Я же
расслабленно растянулась на атласном покрывале, и с восторгом
провела раскрытыми ладонями по прохладной ткани. Невероятные
ощущения! Просто обалденные!
Ждать
няньку долго не пришлось: женщина явилась через несколько минут.
Тёмные волосы торчали в разные стороны, фартук перекошен, и не
хватало одного тапка.
- Ох,
маленькая моя, что же с вами такое произошло, вы вся в крови! -
всплеснула она руками, - мы спрятались под домом, чтобы нас не
нашли, и в суете я позабыла о... - но договорить не смогла —
вылупилась на меня, глядя точно в мои глаза.
А
запамятовала она обо мне, это ясно, как день. Наседка бросила своё
чадушко, заботясь в первую очередь о своей собственной жизни. Что
же, вполне ожидаемо, и не мне её судить.
- Ваши
глаза... - прошептала Жасмина, - о великий Арух! Они такие синие!
Синие, как воды Ньеры, - голос сиделки становился всё тише, а потом
она рухнула на колени, - простите меня, маленькая госпожа, я
бросила вас, - и разрыдалась.
Ну вот,
приплыли. И что всё это значит?
- Пить, -
прошептала я, едва шевеля губами. Наверное, мне стоило молчать.
Поскольку Жасмина распласталась на полу полностью, и практически
перестала подавать признаки жизни, и как бы не тихая молитва,
которую шептала нянька, я бы подумала не самое хорошее.
- Что тут
происходит? - в комнату вошла моя мама. Уже успевшая сменить
грязную, разорванную одежду на чистую, а раны залепить какими-то
отрезками ткани, напоминавшие мне старые добрые пластыри.

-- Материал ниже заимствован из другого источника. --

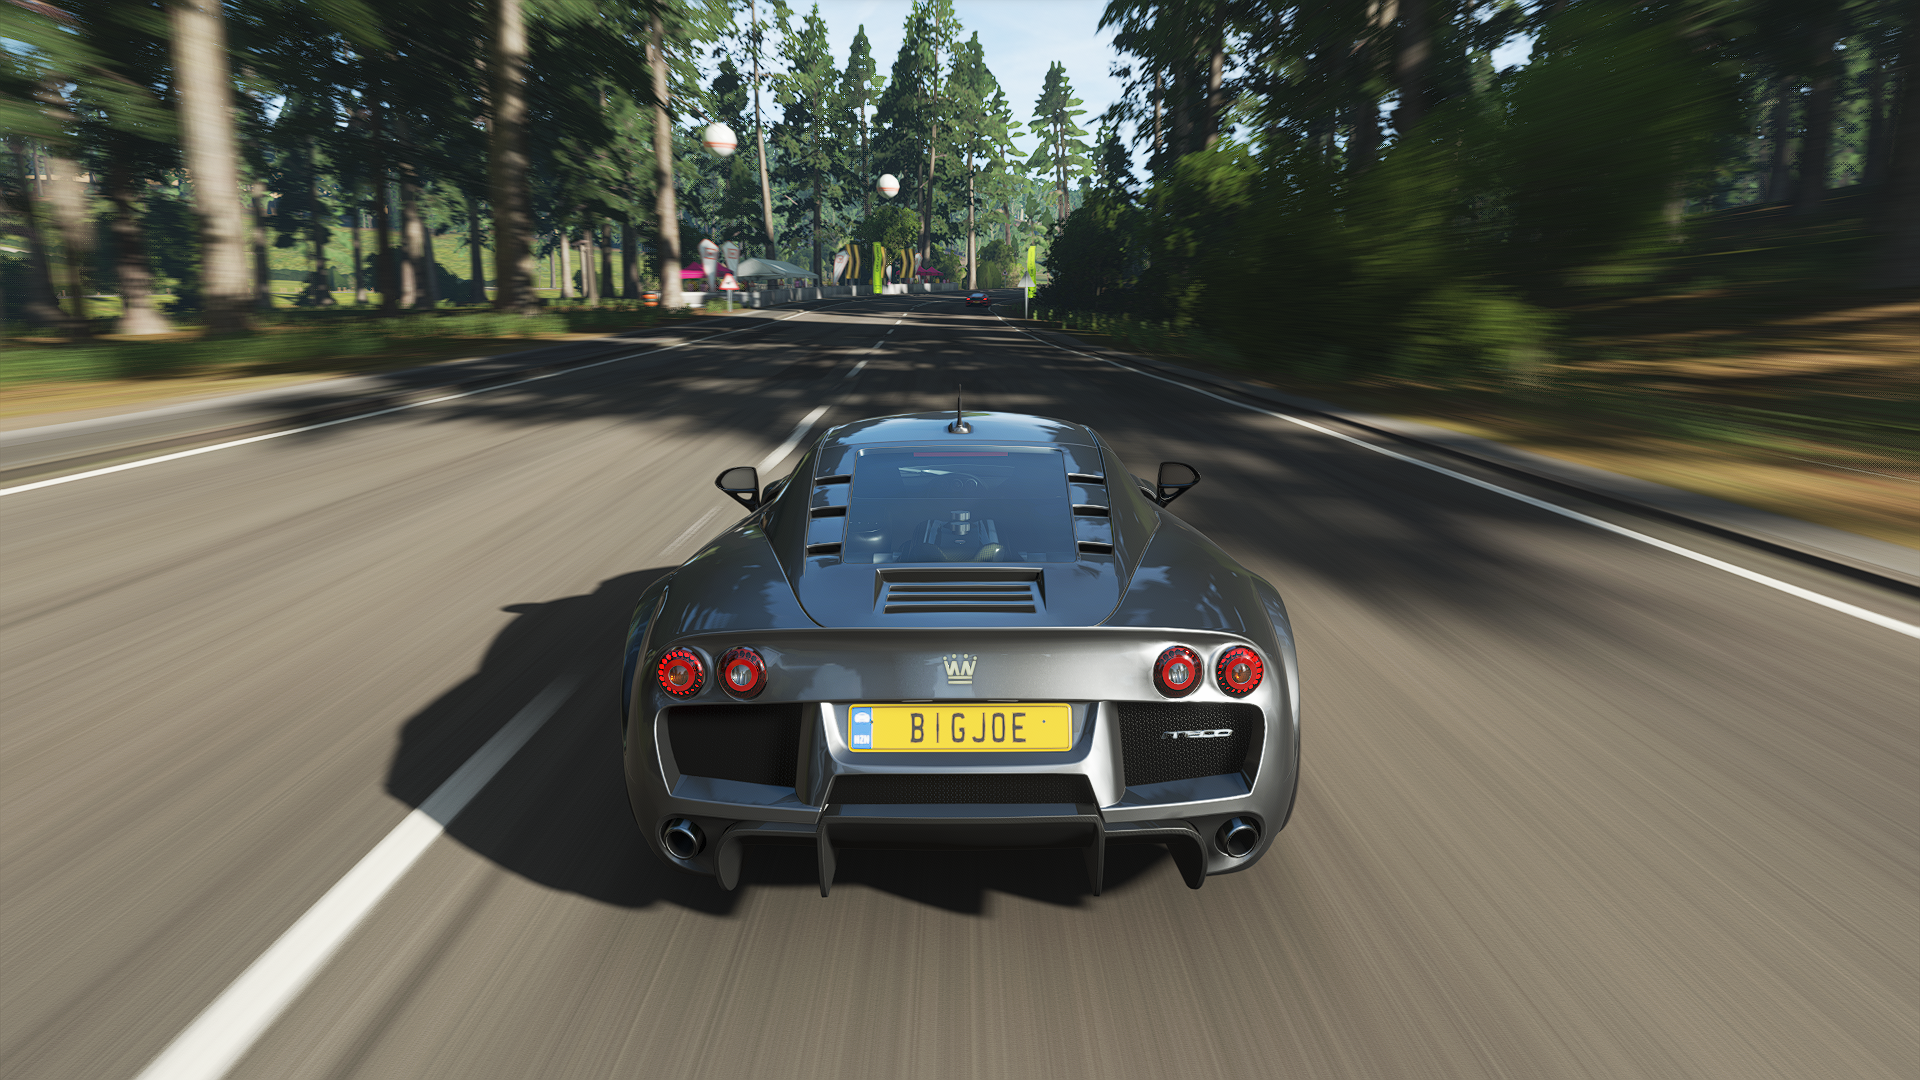 General 1920x1080 Forza Horizon 4 Forza Horizon Forza car driving CGI Noble M600 video games vehicle rear view road licence plates blurred blurry background trees PlaygroundGames British cars

Только
были они не белого цвета, а тёмно-зелёного.
- Пить, -
повторила, поскольку действительно умирала от жажды, и хотелось,
наконец-то, смыть этот противный металлический привкус, наполнивший
глотку.
- Вставай,
падова женщина! - вскричала мама, обходя лежащую ничком женщину, -
нашла время! Моей дочери нужно принять ванну, она должна быть
готова предстать пред народом наннури сегодня на закате и вместе с
ними вознести песнь прощания над белыми песками. Ты понимаешь,
насколько это важно? Какая печаль настигла нас всех?
Слова
Газисы шли вразрез с её счастливо блестящими очами. Мама тихо
радовалась выздоровлению старшего ребёнка, и даже через её
нахмуренные брови я легко читала: её семья выжила, а, значит, всё
будет хорошо. Да, королева волновалась за своих людей, стремилась
разделить горе вместе с ними, но собственную радость заглушить
никак не могла, и, в общем-то, не пыталась. Во все времена
благополучие собственных детей для родителей было намного важнее
всего остального. Осуждать Газису за это не имело никакого
смысла.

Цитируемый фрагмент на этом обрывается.